Step 5: Now you need to create a container whose logs you want to see on kibana by configuring it on the run time. In this example, I am creating an nginx container and configuring it for the log driver.

“`
docker run -itd –name nginx -p 80:80 –network=docker-net –log-driver=fluentd –log-opt fluentd-address=udp://:24224 opstree/nginx:server
“`

Step 6: Finally you need to create a docker container for kibana inside the same network.

“`
docker run -itd –name kibana -p 5601:5601 –network=docker-net kibana
“`

Now, You will be able to check the logs for the nginx container on kibana by creating an index fluentd-*.
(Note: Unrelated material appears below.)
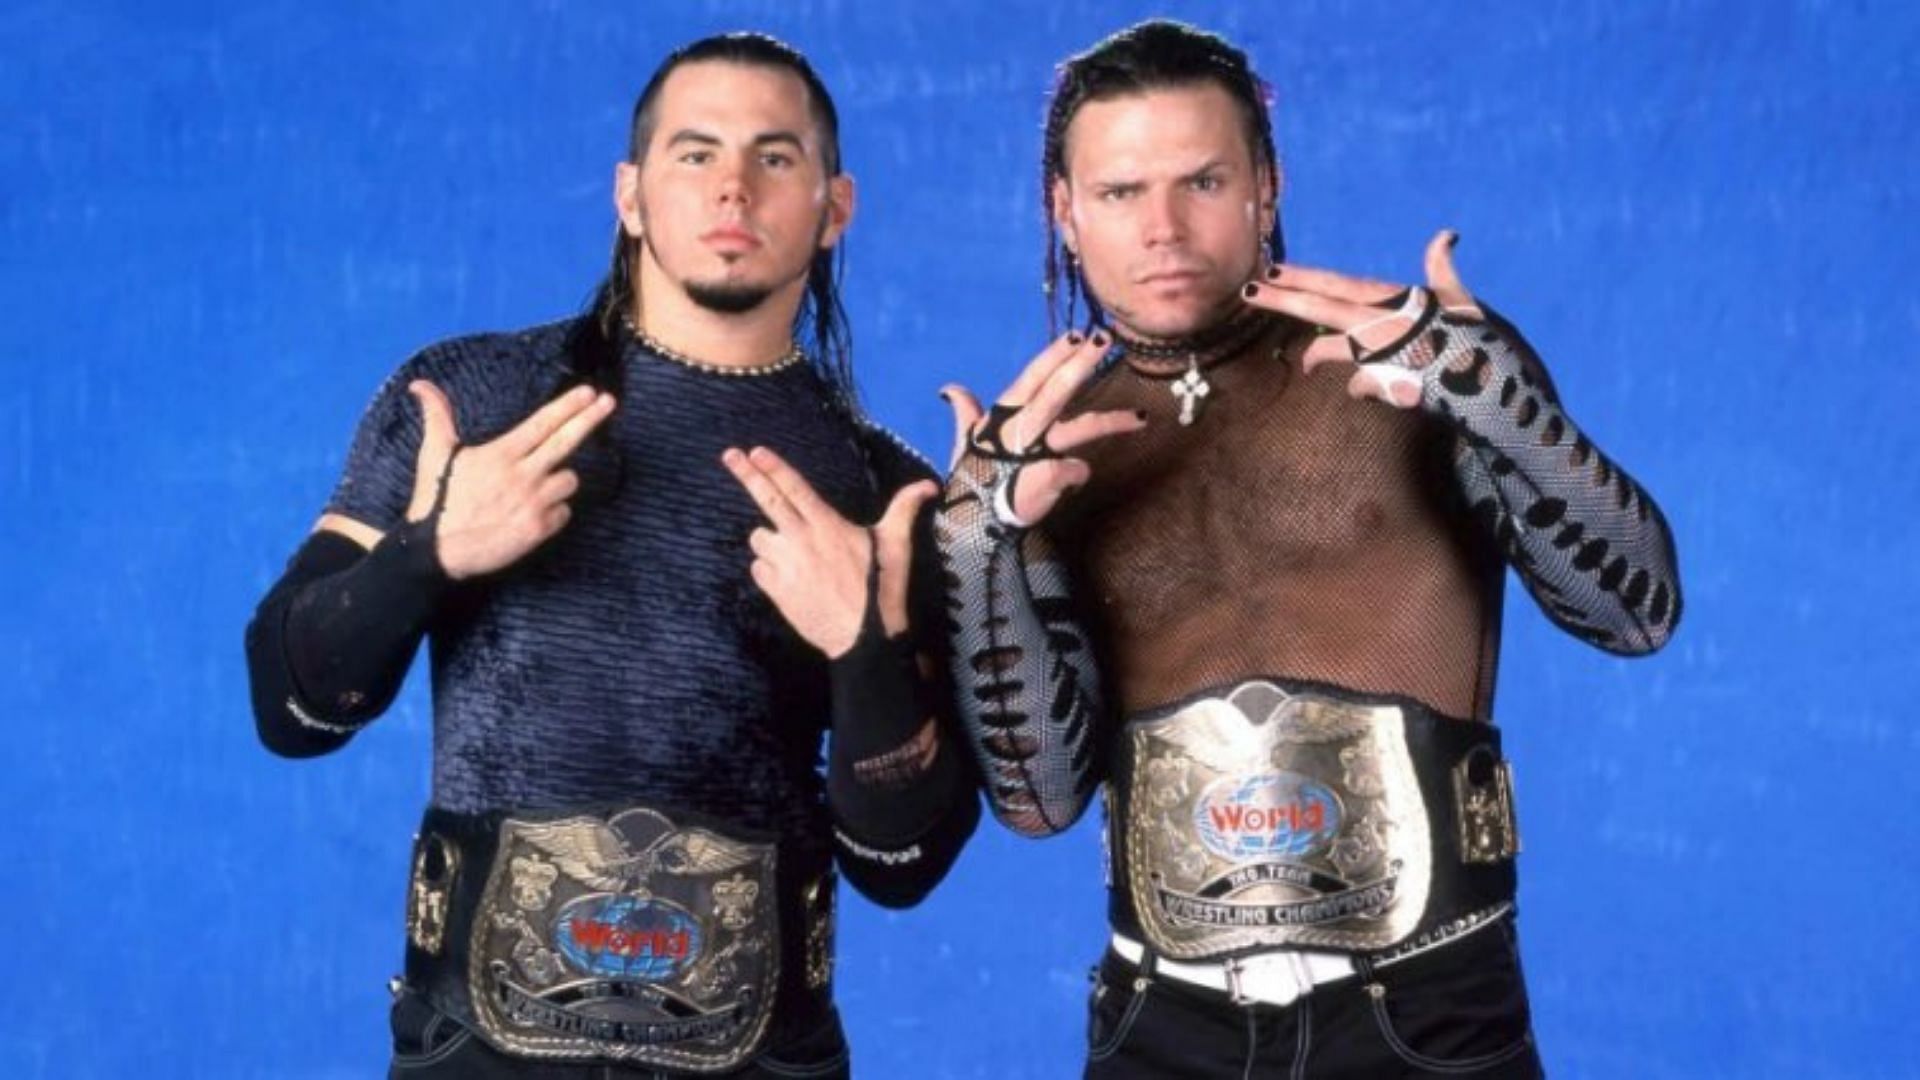 The Hardys spotted with WWE Attitude Era legend

Types of Logging driver which can be used:

       Driver           Description

  •  none:           No logs are available for the container and docker logs does  not return any output.
  •  json-file:     The logs are formatted as JSON. The default logging driver for Docker.
  •  syslog:     Writes logging messages to the syslog facility. The syslog daemon must be running on the host machine.
  •  journald:     Writes log messages to journald. The journald daemon must be running on the host machine.
  •  gelf:     Writes log messages to a Graylog Extended Log Format (GELF) endpoint such as Graylog or Logstash.
  •  fluentd:     Writes log messages to fluentd (forward input). The fluentd daemon must be running on the host machine.
  •  awslogs:     Writes log messages to Amazon CloudWatch Logs.
  •  splunk:     Writes log messages to splunk using the HTTP Event Collector.
  •  etwlogs:     Writes log messages as Event Tracing for Windows (ETW) events. Only available on Windows platforms.
  •  gcplogs:     Writes log messages to Google Cloud Platform (GCP) Logging.
  •  logentries:     Writes log messages to Rapid7 Logentries.